# Need Some Help To With This Video



## Silverbear (19/8/14)

This lady is attempting to show how to refill a carto for a cig-a-like, but I am damned if I can see what see is trying to demonstrate. Need someone else to perherps tell how or what she is doing.

Reactions: Funny 6


----------



## WHeunis (19/8/14)

As far as I can gather she is trying to show off her tits while being sloshed.

Also, some sideshow about filling a carto... and doing so pretty poorly.
Basically just forcing liquid into the carto through the little airhole at the bottom, by using the little sleeve that the carto came packed in.


EDIT: a few hours later, i caught on to your *wink*; I'm clearly way too old and too married...

Reactions: Thanks 1


----------



## Silverbear (19/8/14)




----------



## Kuhlkatz (19/8/14)

Now that's some really nice tips....
TIPS I said !!

P.S. I confess that I had to watch the video twice as I saw no demo on the first attempt - it really takes concentration.

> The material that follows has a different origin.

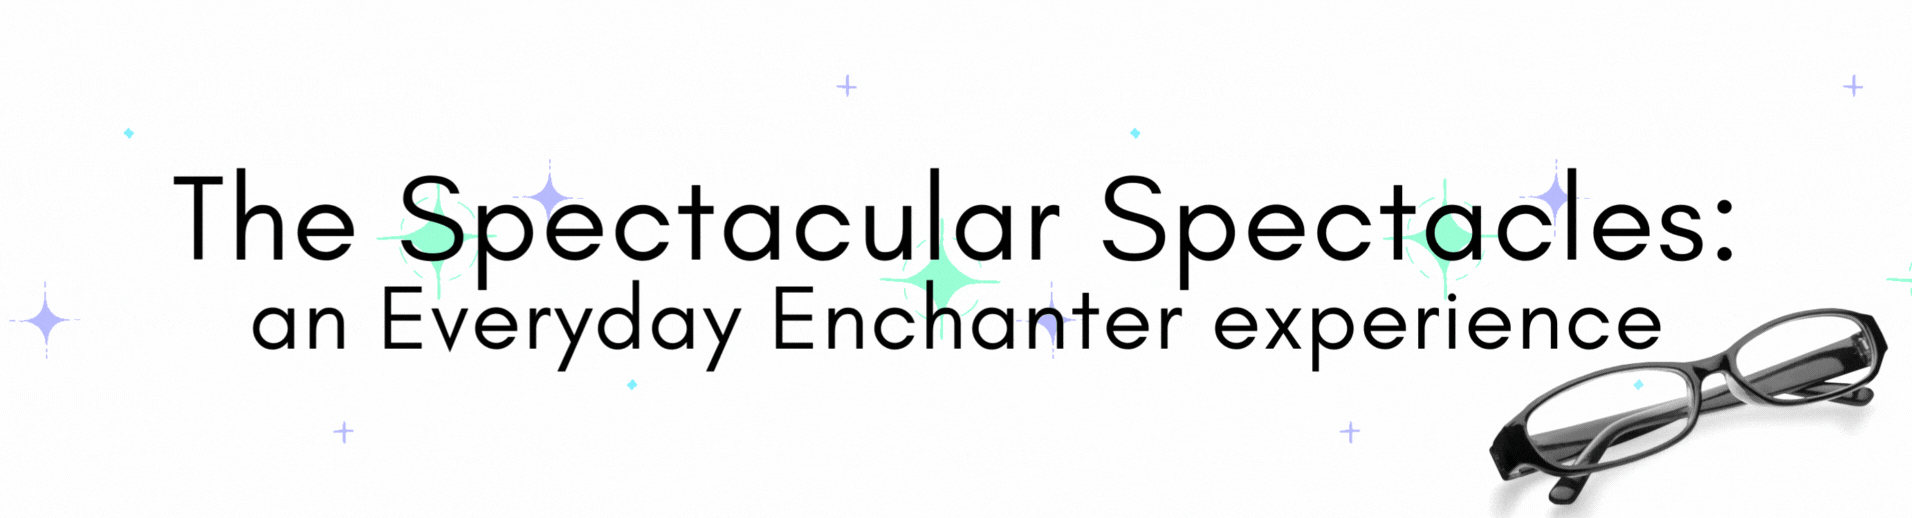 The Spectacular Spectacles: an Everyday Enchanter experience

P.P.S. Now I'm wondering if Rip Trippers got some inspiration off this video for his signature saying ?

Reactions: Funny 3


----------



## BumbleBee (20/8/14)

I'm sorry, you guys lost me, is this video somehow vape related?

Reactions: Funny 3


----------



## WHeunis (20/8/14)

WHeunis said:


> As far as I can gather she is trying to show off her tits while being sloshed.
> 
> Also, some sideshow about filling a carto... and doing so pretty poorly.
> Basically just forcing liquid into the carto through the little airhole at the bottom, by using the little sleeve that the carto came packed in.


 
@Silverbear 
a few hours later, i caught on to your *wink*; I'm clearly way too old and too married...

Reactions: Funny 1


----------



## zadiac (20/8/14)

What refill? I never saw a refill vid


----------



## BumbleBee (20/8/14)

zadiac said:


> What refill? I never saw a refill vid


yeah, checked it again.... something about a condom, will try watching it again later, I know she's trying to tell us something


----------



## Marzuq (20/8/14)

I watched. I focused. I liked. No idea what it was about but I was concentrating all the way thru. 

Sent from my SM-N9005 using Tapatalk


----------